Le dolía la cabeza. Su madre ya dormía, mientras que ella se revolvía en la cama, incapaz de mantener los ojos cerrados dos segundos seguidos. Finalmente, tras varias horas de lucha consigo misma, el sueño la venció.
Tuvo que hacer un esfuerzo enorme para despegar los párpados. Le pesaban como dos yunques de hierro depositados a propósito sobre la cuenca de los ojos, y sentía un martilleo continuo en las sienes que le impedía pensar con claridad. Atisbó a su madre sentada junto a ella. Tenía sus lacios cabellos morenos recogidos en una larga coleta.

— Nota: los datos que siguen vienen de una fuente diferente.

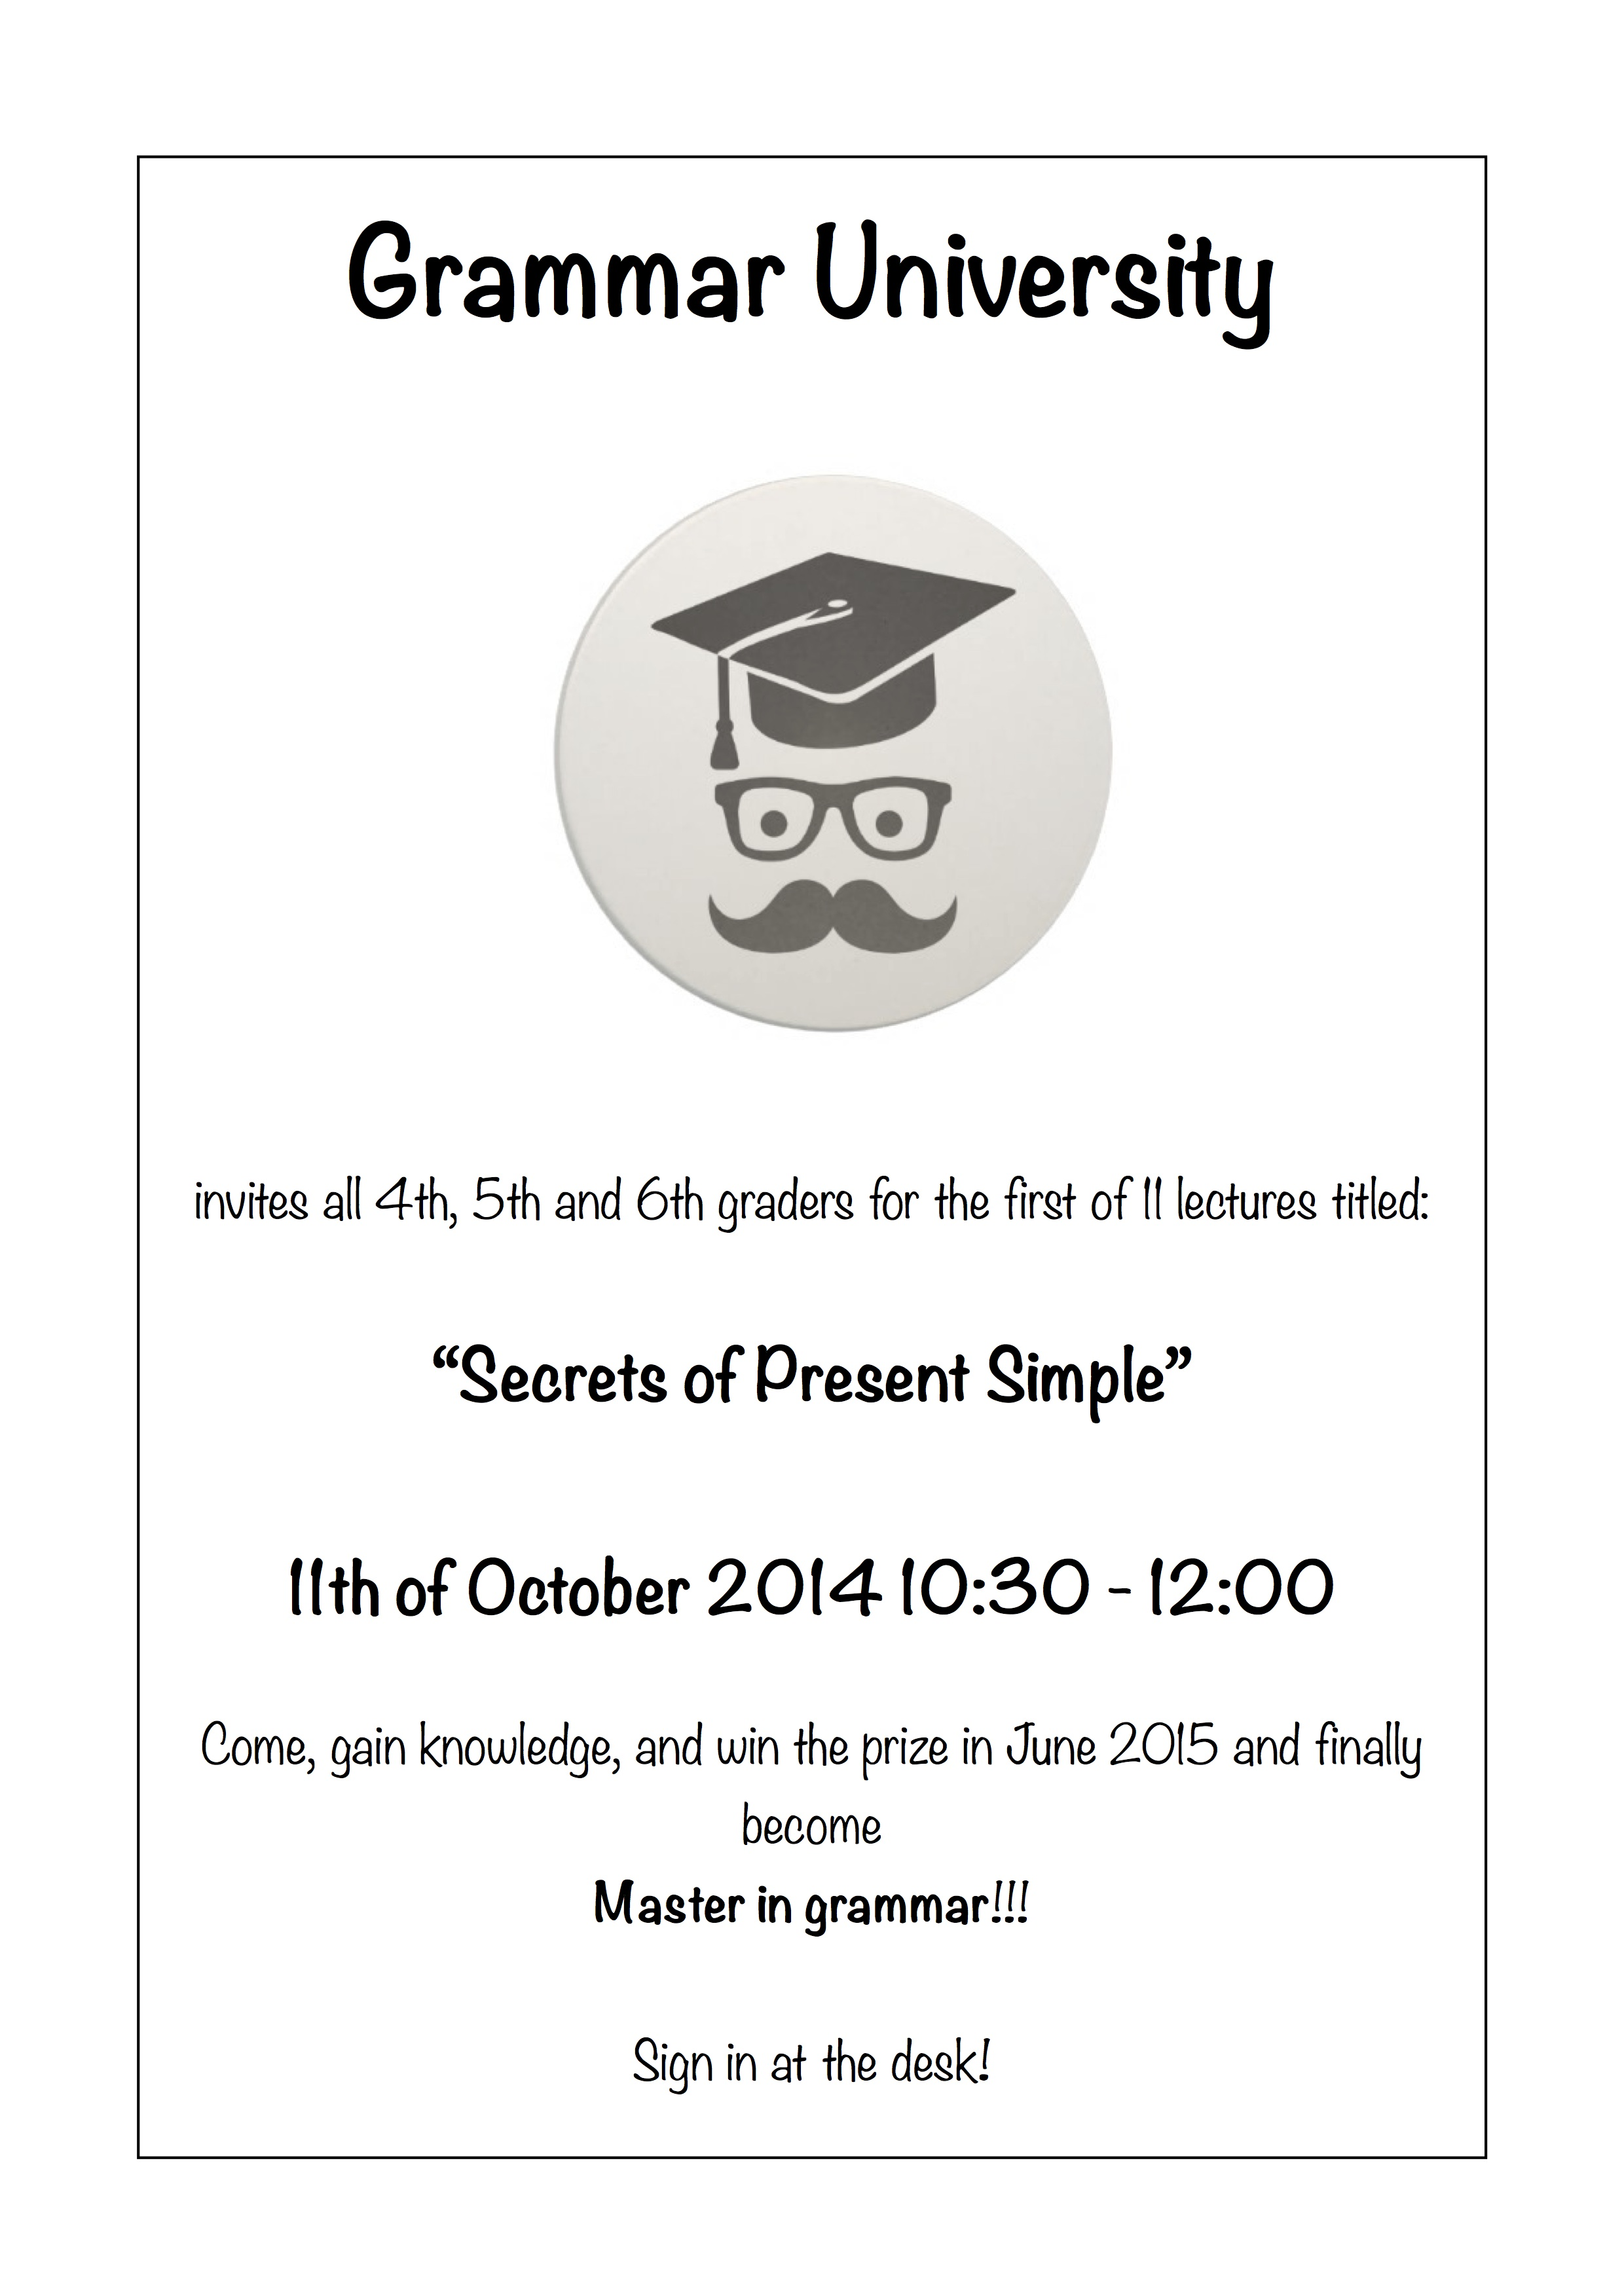 grammar academy poster

—¿Qué tal estás? ¿Te encuentras mejor? —Sonreía mientras posaba la mano en su frente—. Anoche tuviste algo de fiebre.
—Solo estoy algo cansada —murmuró, incorporándose.
—Sofía, perdona… Fui algo brusca contigo. Estaba enfadada porque sabía que no querías venir aquí —le confesó consternada—. Y, en parte, tenía miedo de que ya no quisieras pasar tiempo con nosotros… Has crecido tan rápido que me parece increíble que te hayas convertido ya en una mujercita.

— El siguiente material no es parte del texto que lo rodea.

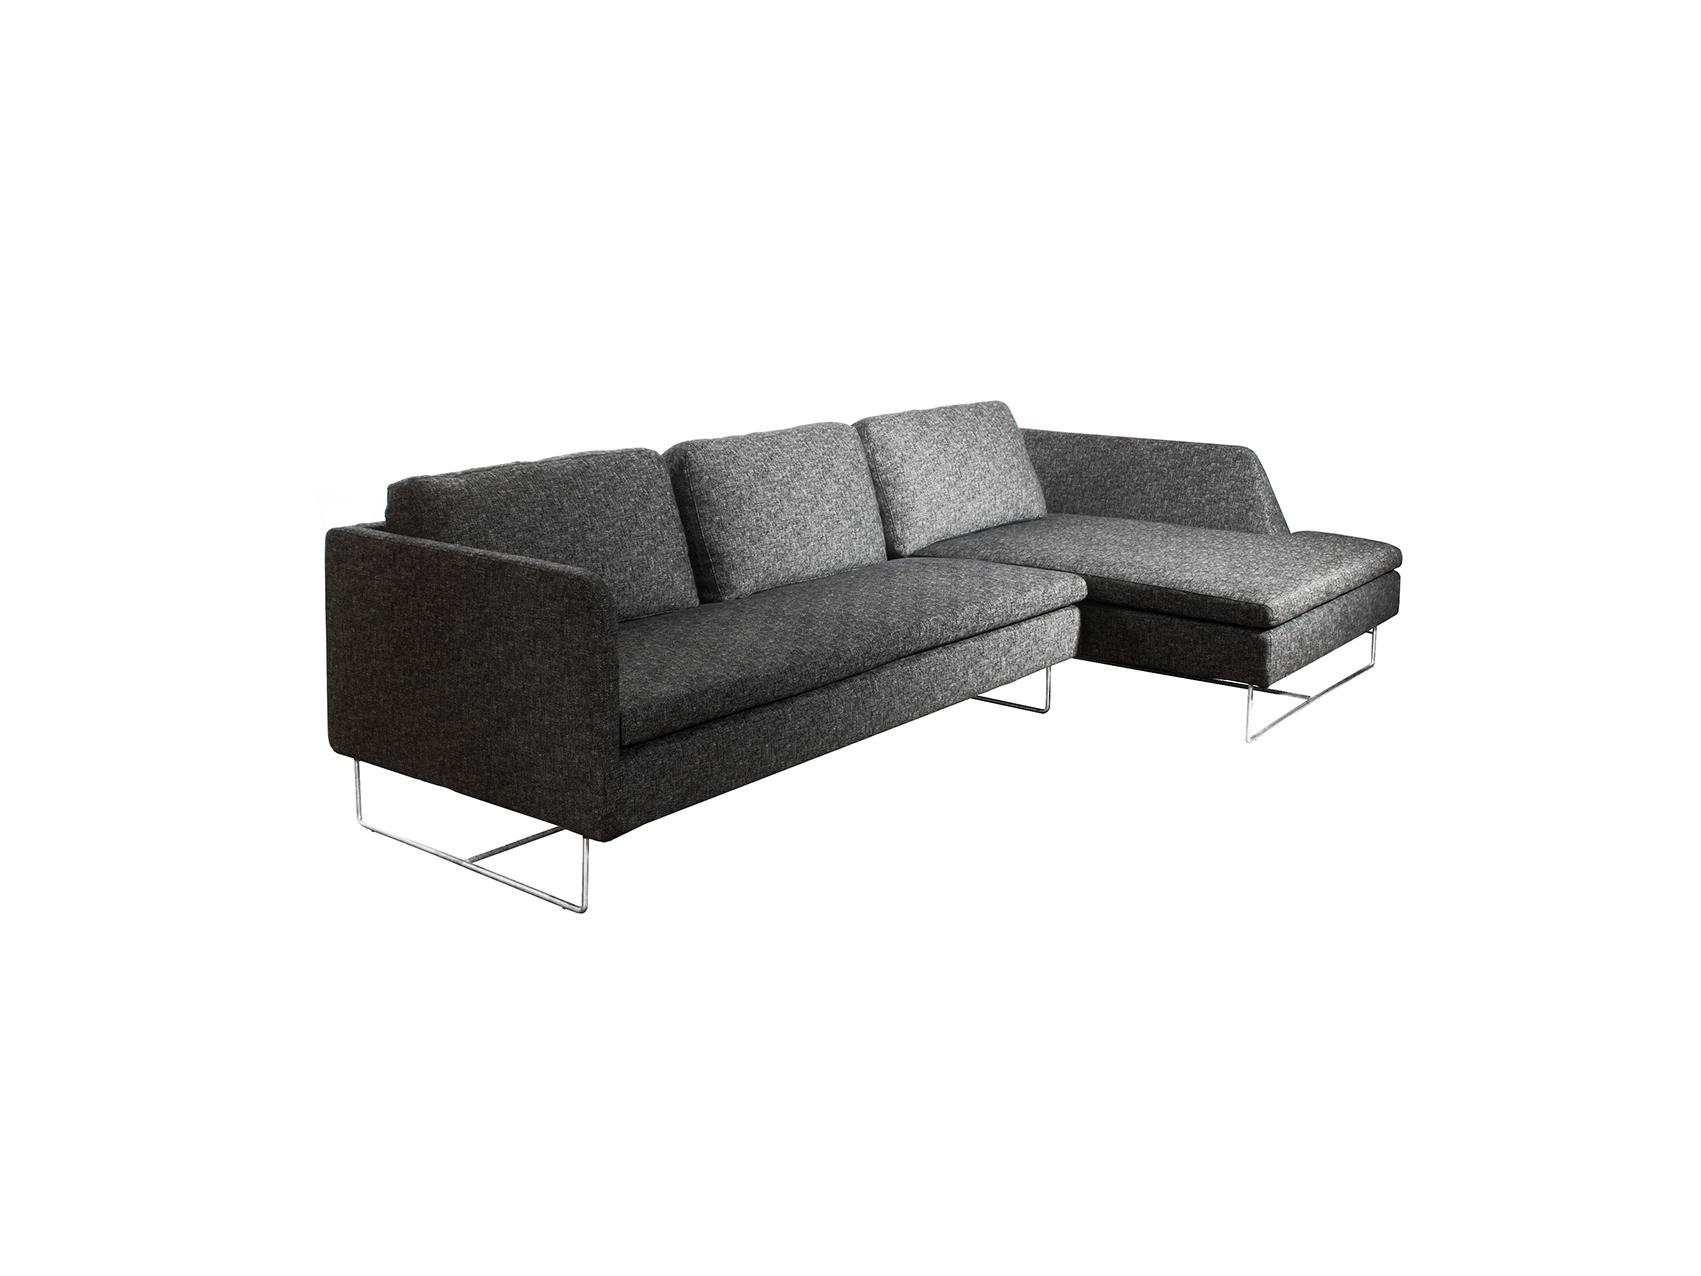 Sketch sofa designers guild rgs rock galpin studio for Sofa design sketch

Su madre se levantó y continuó hablando mientras descorría las cortinas. La luz de la mañana inundó la habitación. Sofía parpadeó varias veces para adaptarse a la incómoda claridad.
—¿Tienes hambre? Nosotros hemos desayunado ya. No he querido despertarte tan temprano. Has pasado mala noche y prefería que descansaras. Pero puedes bajar a la cafetería y pedirte algo.
—Vale, me doy una ducha y bajo.
—¿Necesitas ayuda? —Ella le contestó negando con la cabeza—. De acuerdo… Tu padre y tu hermano van a bajar al pueblo y visitar la catedral. Imagino que no tienes ganas de acompañarlos. Yo me quedaré aquí contigo. Ya iremos a la catedral otro día. Voy a buscar algo de ropa a tu habitación. ¿Tienes alguna preferencia?
—Lo primero que encuentres estará bien.
—Vale, te la dejo en la cama. Estaré esperándote en la cafetería. ¡No tardes mucho!
Cuando estuvo lista, Sofía prefirió bajar los escalones anchos de piedra del castillo antes que usar el ascensor. Su madre le había preparado un vestido ligero azul celeste y unas sandalias marrones. Volvía a hacer un calor espantoso, y ni siquiera el aire acondicionado lograba mitigar esa constante sensación de asfixia. La divisó cerca de la cafetería, sentada en uno de los lujosos sofás de cuero y leyendo un libro. Al contrario que ella, Elena era una gran aficionada a la lectura. Podía pasarse horas y horas leyendo, abstraída de todo lo que sucedía a su alrededor. Sofía debía admitir que no era una gran apasionada de las letras. Prefería la música y cantar, aunque desafinase a pleno pulmón bajo la ducha.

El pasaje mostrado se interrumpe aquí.